→ **How to complete this task**: Repeat the listing verbatim. Drop any pictures.
########################################
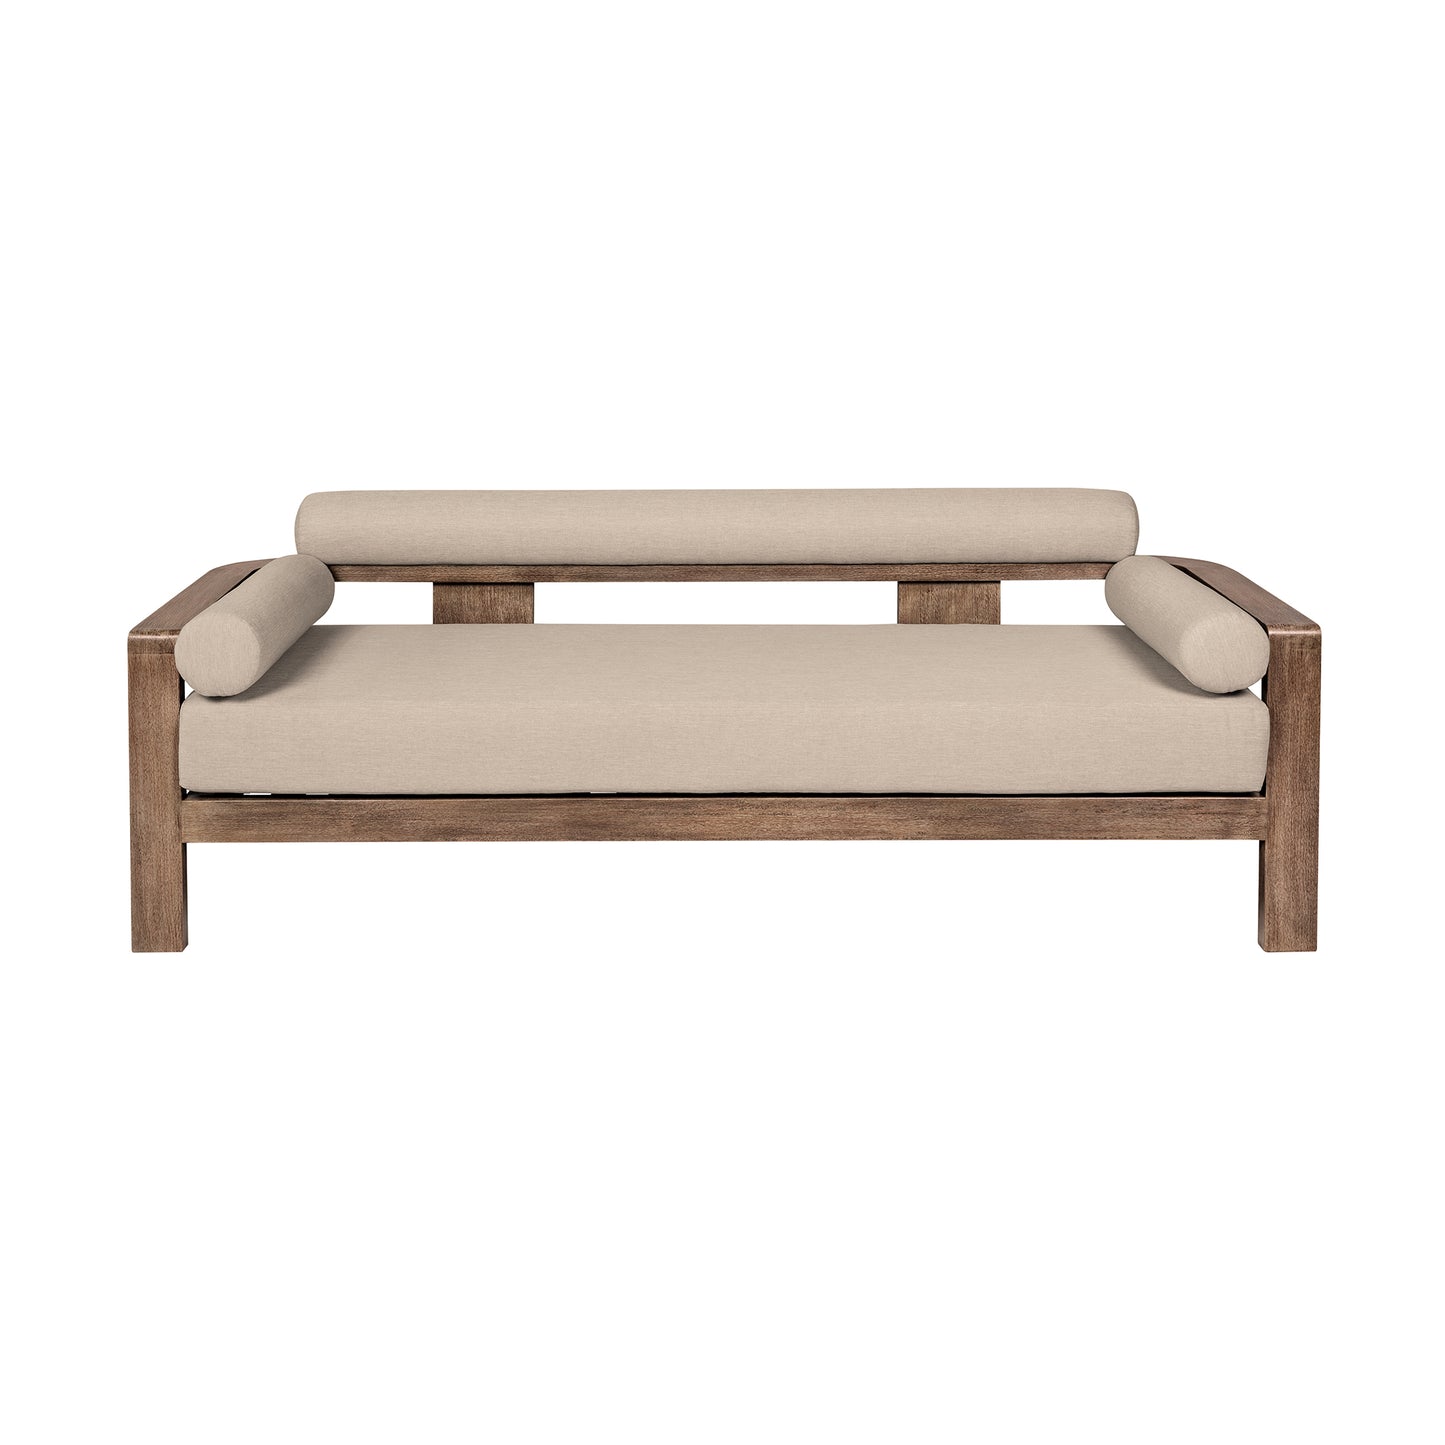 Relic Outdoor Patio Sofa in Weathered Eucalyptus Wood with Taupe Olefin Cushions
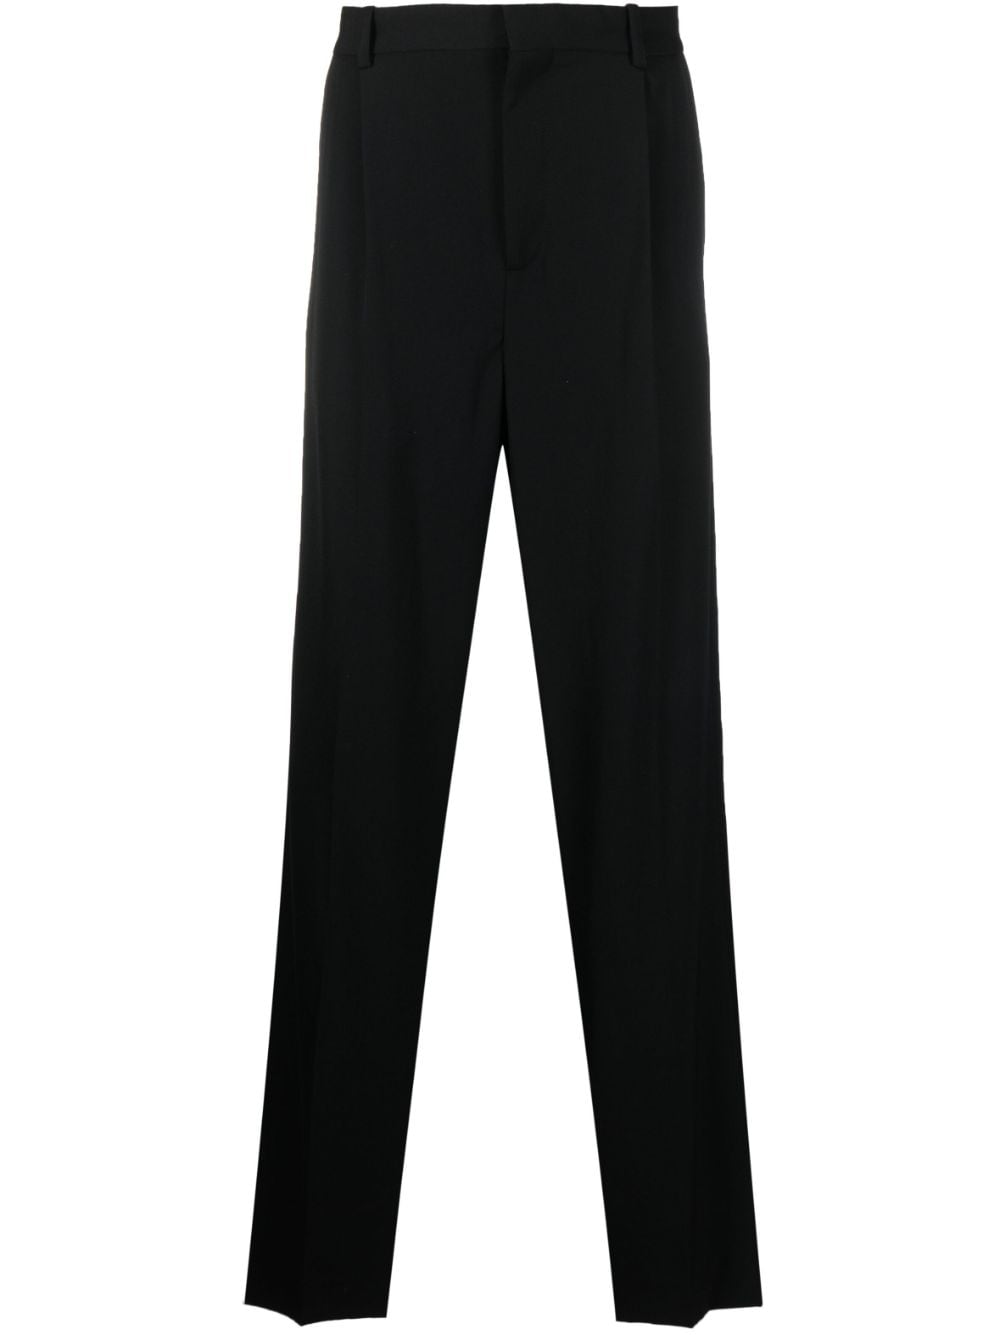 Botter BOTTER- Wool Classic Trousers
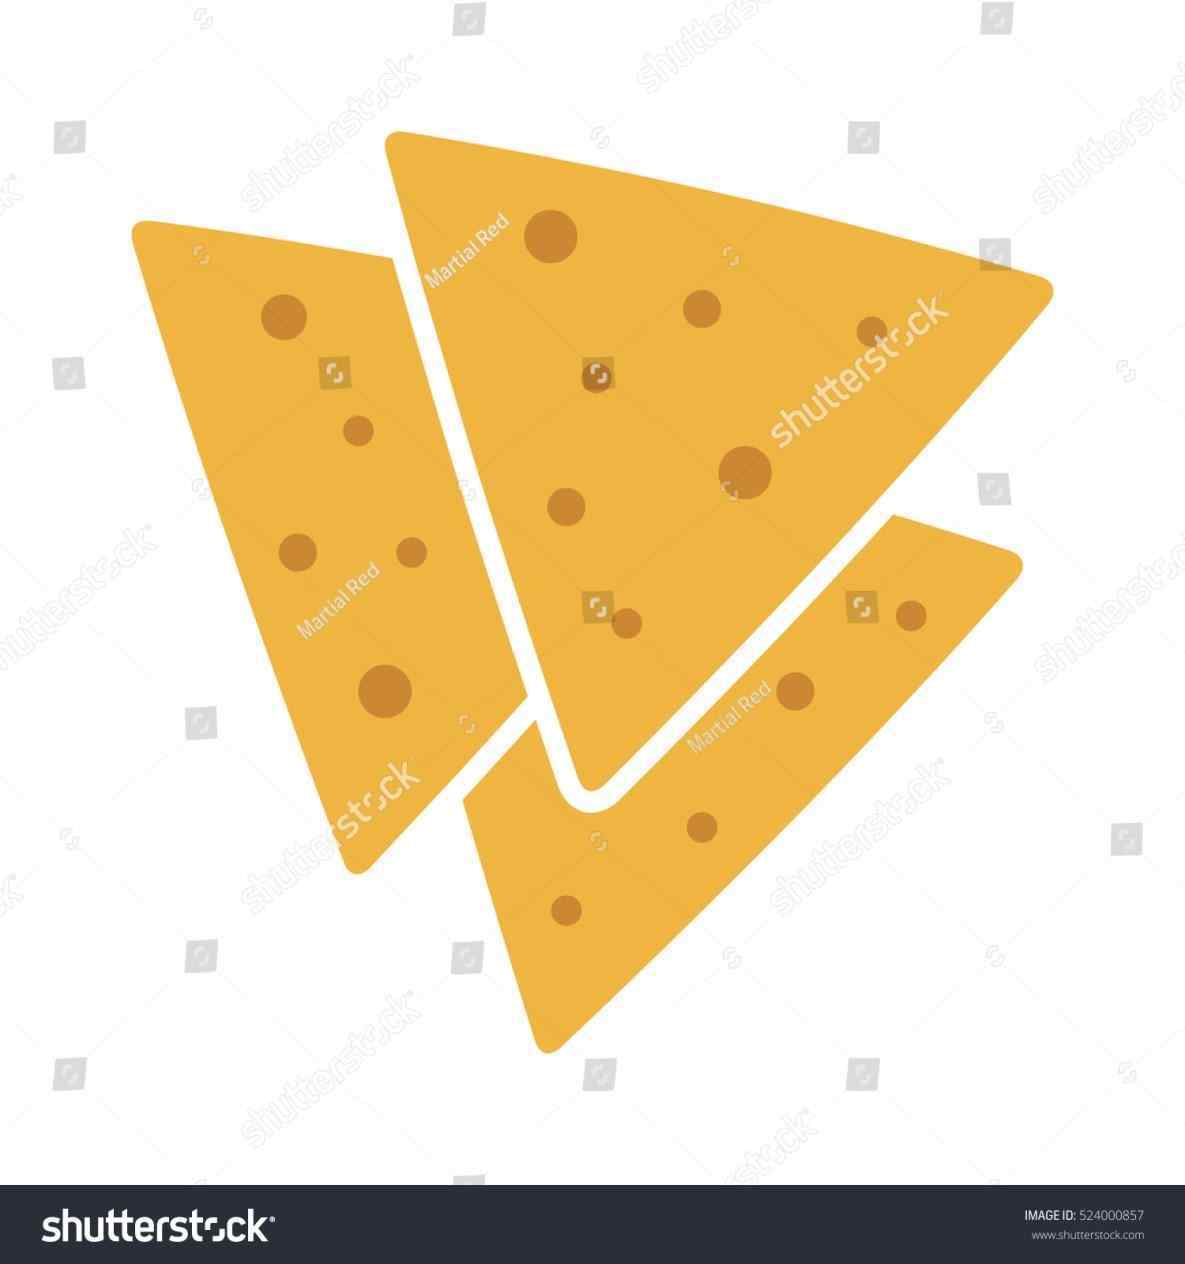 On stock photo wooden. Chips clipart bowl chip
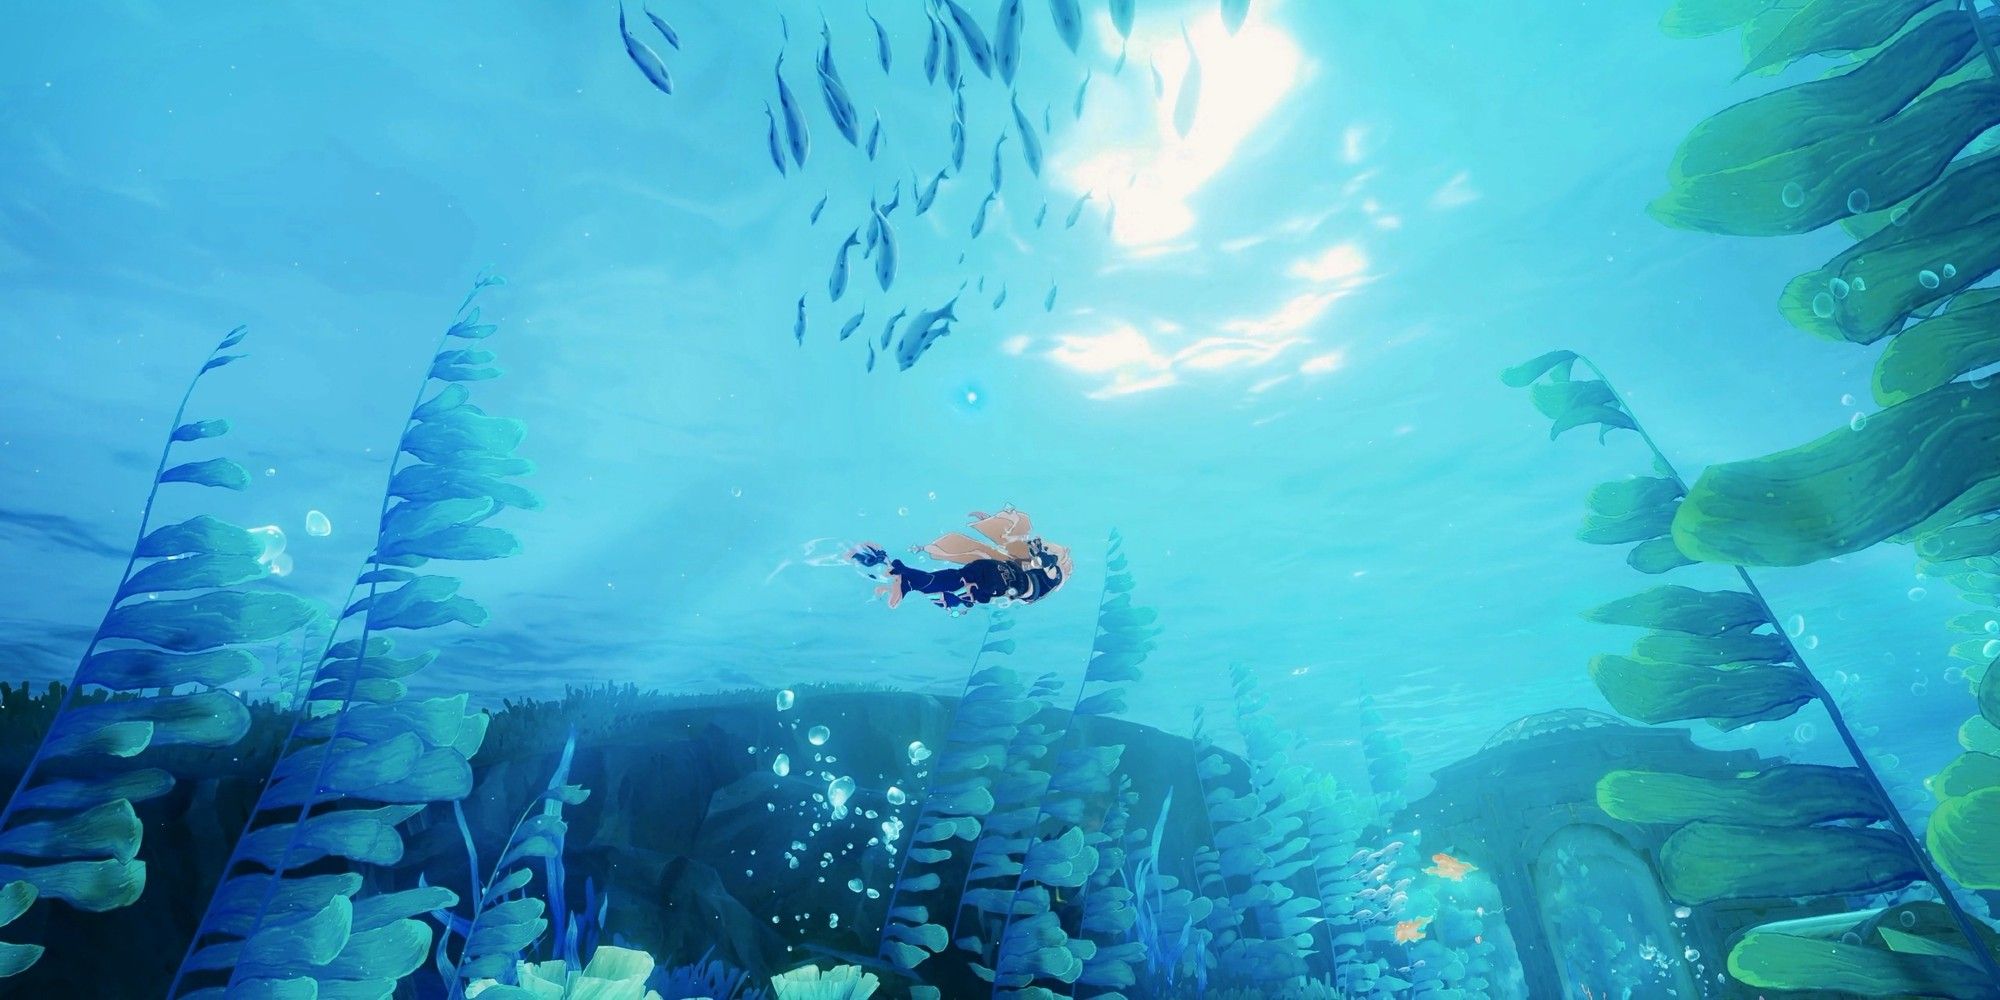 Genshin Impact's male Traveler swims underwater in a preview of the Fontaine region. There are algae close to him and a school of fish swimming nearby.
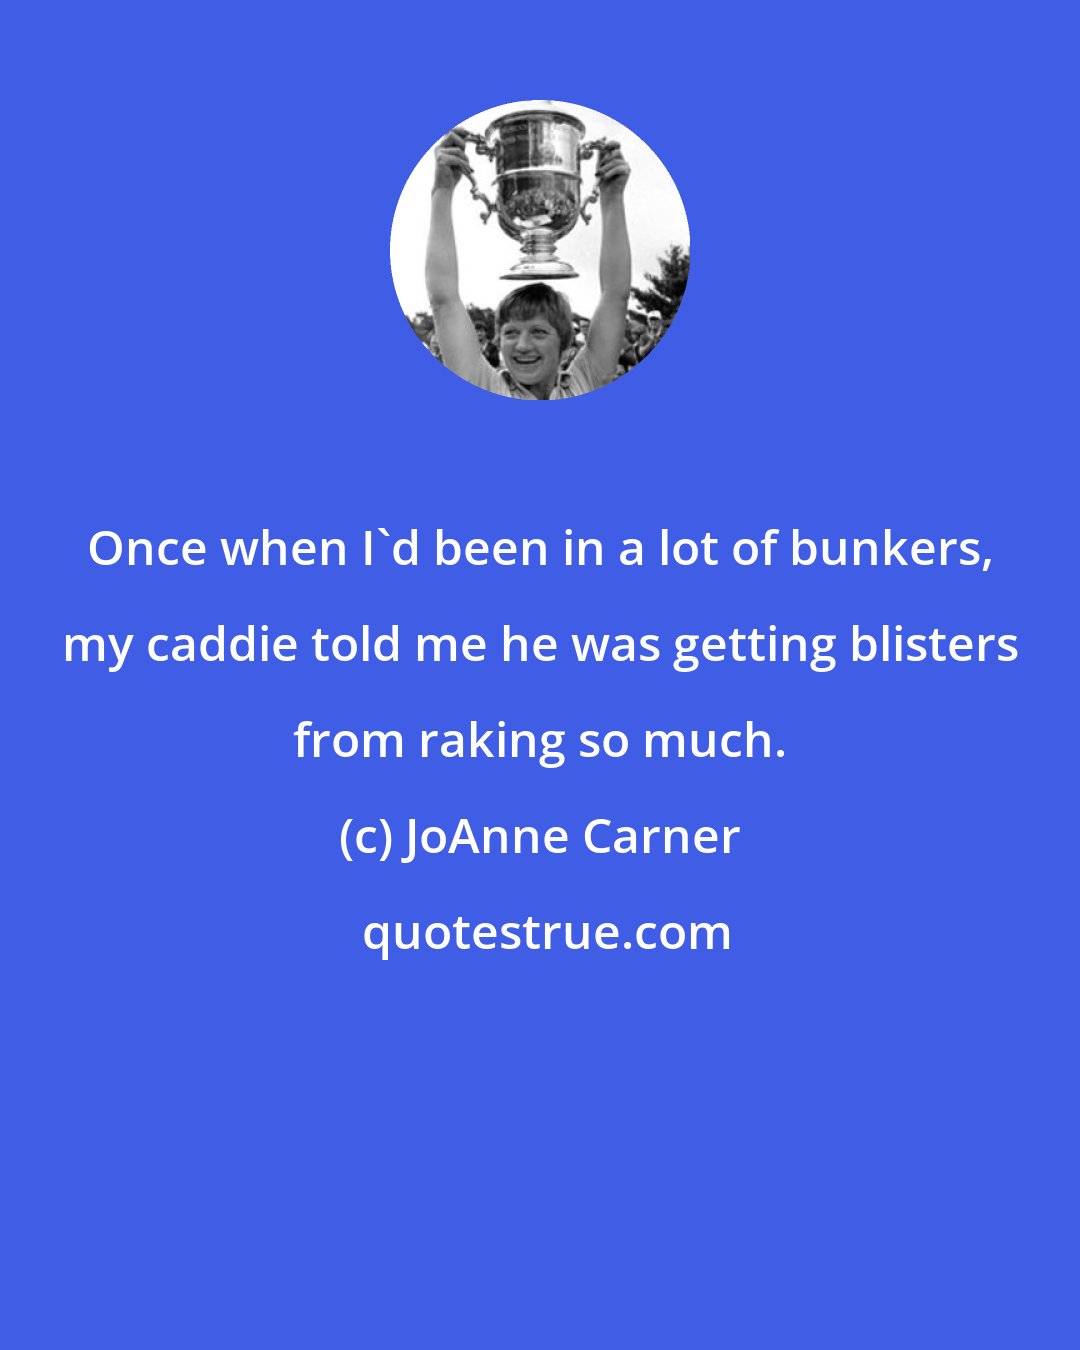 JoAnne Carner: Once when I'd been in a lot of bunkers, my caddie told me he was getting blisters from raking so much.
########################################
→ **Reply**:
 Relic Outdoor Patio Sofa in Weathered Eucalyptus Wood with Taupe Olefin Cushions
 Botter BOTTER- Wool Classic Trousers
 On stock photo wooden. Chips clipart bowl chip
 Genshin Impact's male Traveler swims underwater in a preview of the Fontaine region. There are algae close to him and a school of fish swimming nearby.
 JoAnne Carner: Once when I'd been in a lot of bunkers, my caddie told me he was getting blisters from raking so much.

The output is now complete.